• **EXERCISE DATA**
────

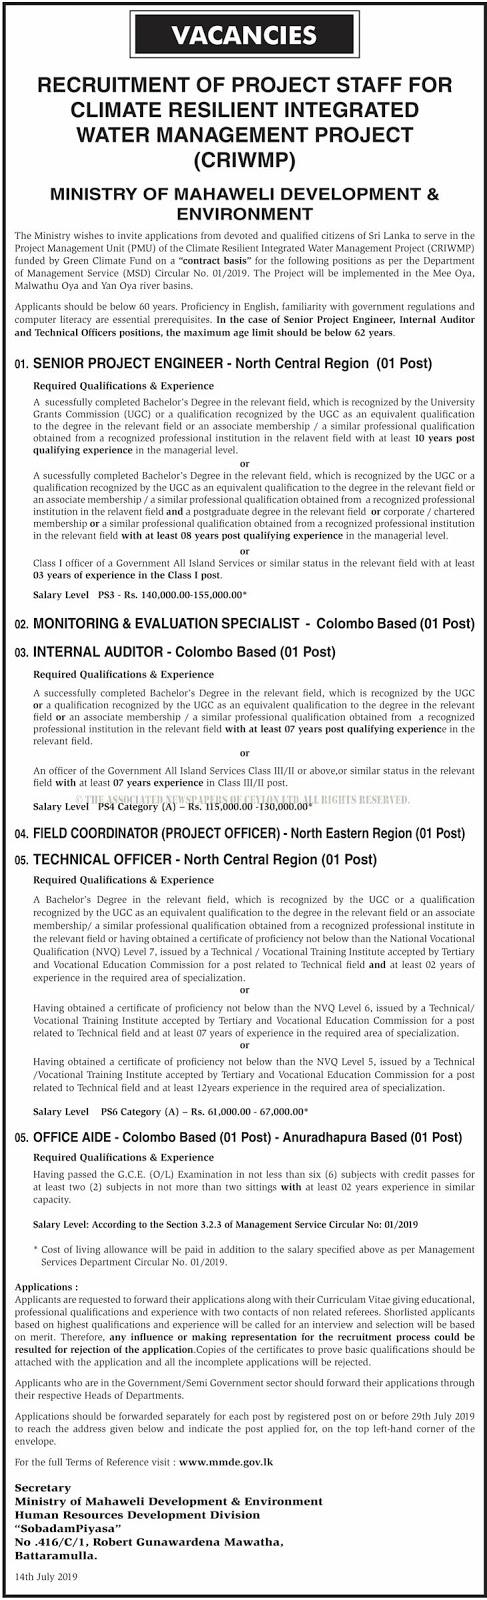 Vacancies at Ministry of Mahaweli Development and Environment
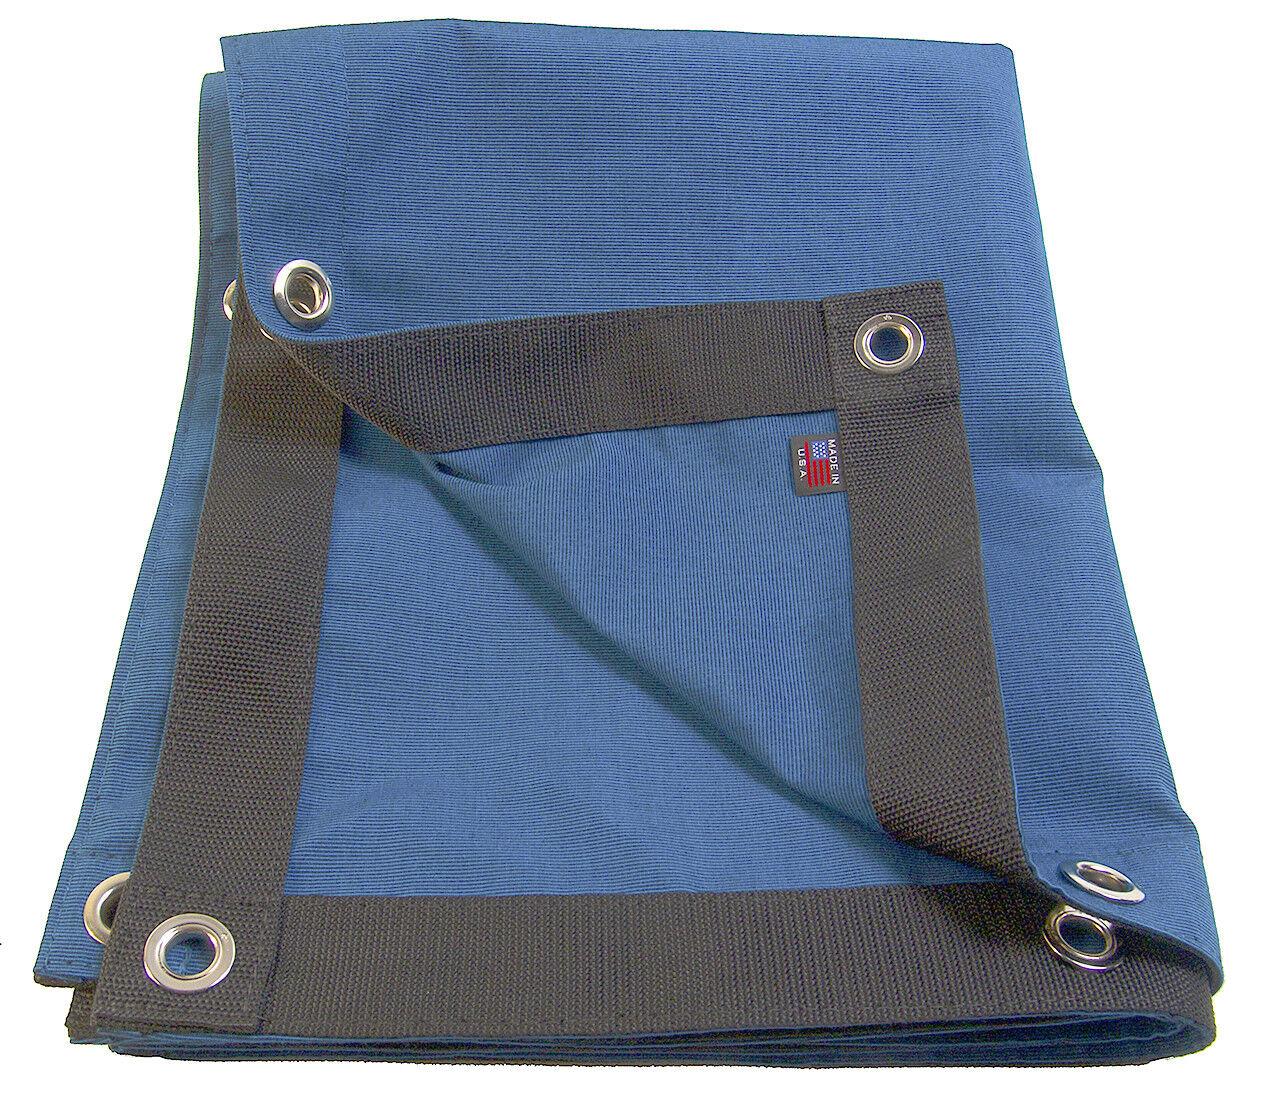 Sunbrella Tarp, Royal bluee Tweed w  Rolled Rim Spur Grommets, 9 16
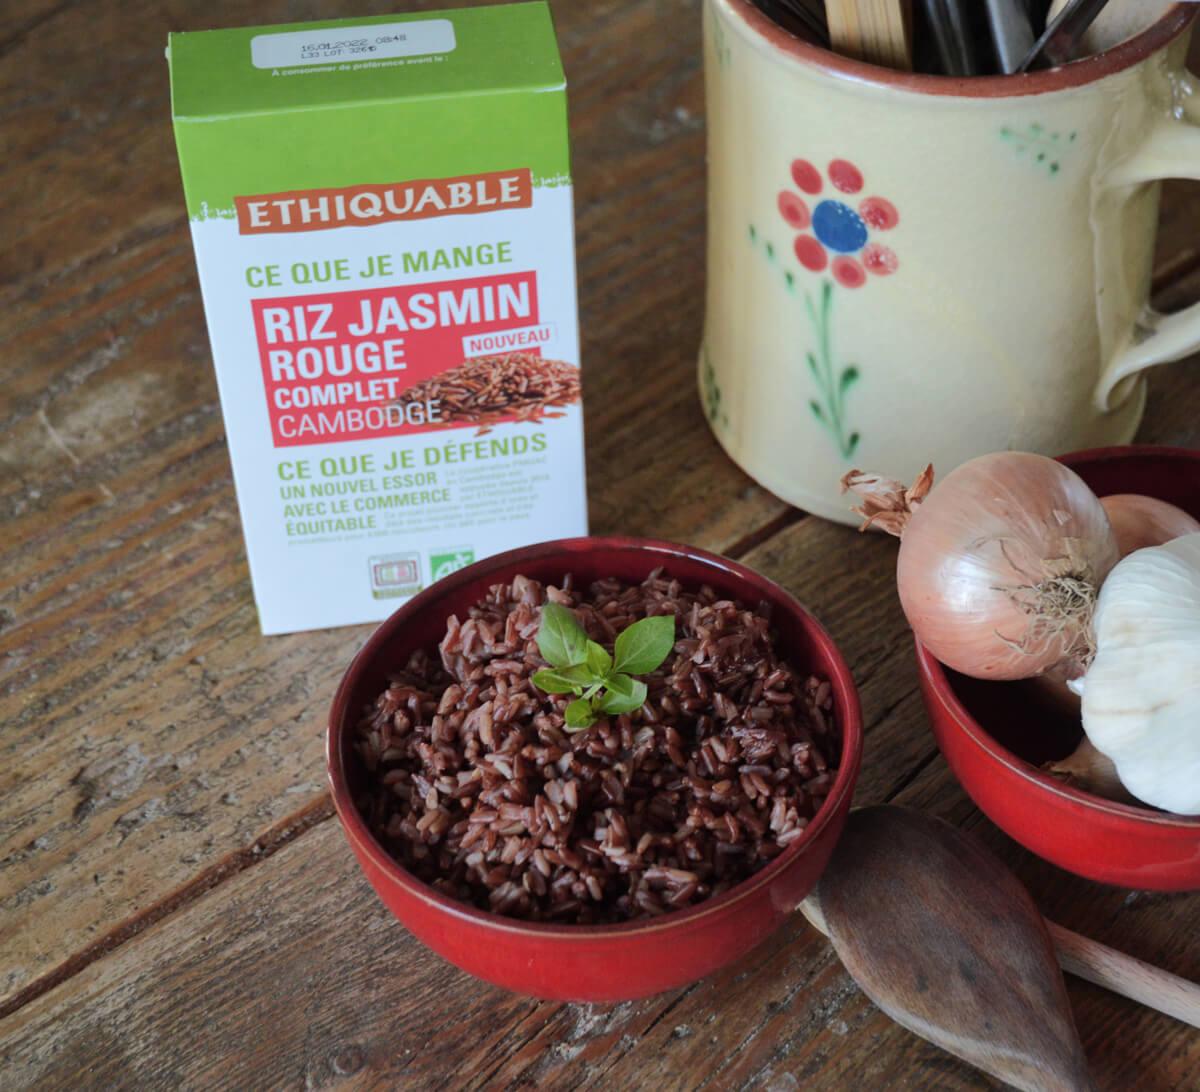 Riz jasmin rouge bio complet du Cambodge issu du Commerce Equitable I Ethiquable
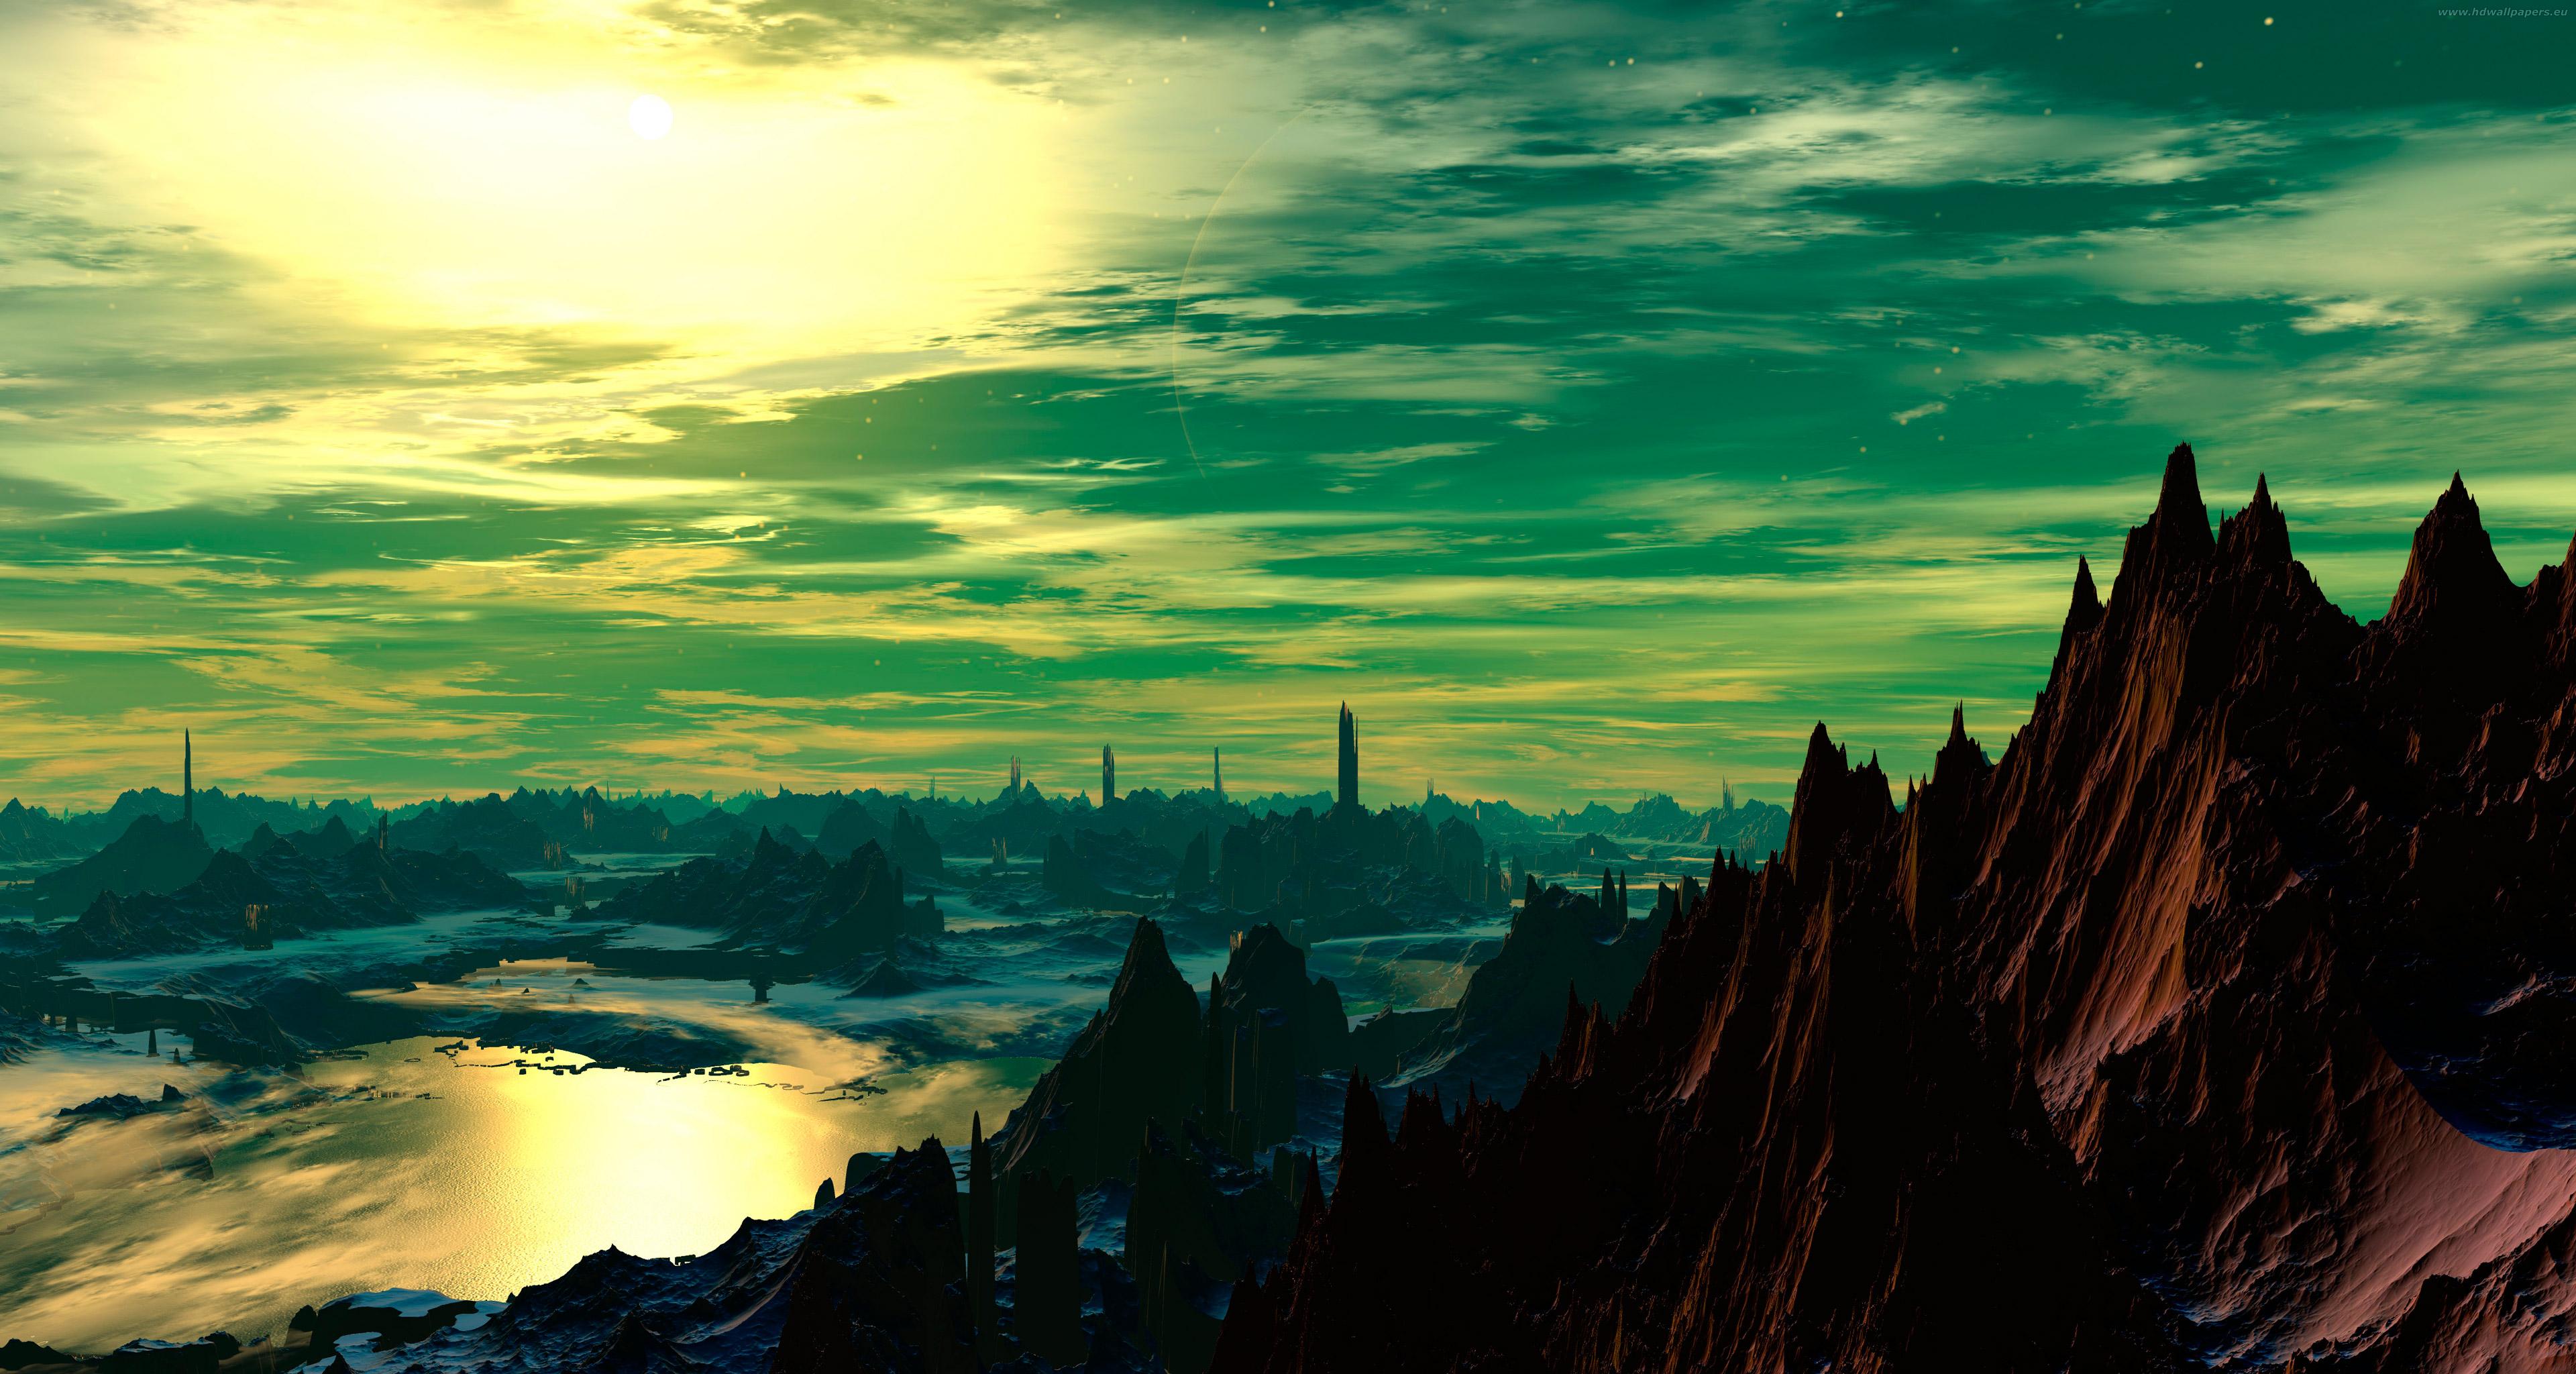 landscape ultrahd 3840x2048 3840x2048

────

• **DESCRIPTION OF THE TASK**
The listing above should be transcribed word for word, with its pictures left out.

• **TASK RESULT**
 Vacancies at Ministry of Mahaweli Development and Environment
 Sunbrella Tarp, Royal bluee Tweed w  Rolled Rim Spur Grommets, 9 16
 Riz jasmin rouge bio complet du Cambodge issu du Commerce Equitable I Ethiquable
 landscape ultrahd 3840x2048 3840x2048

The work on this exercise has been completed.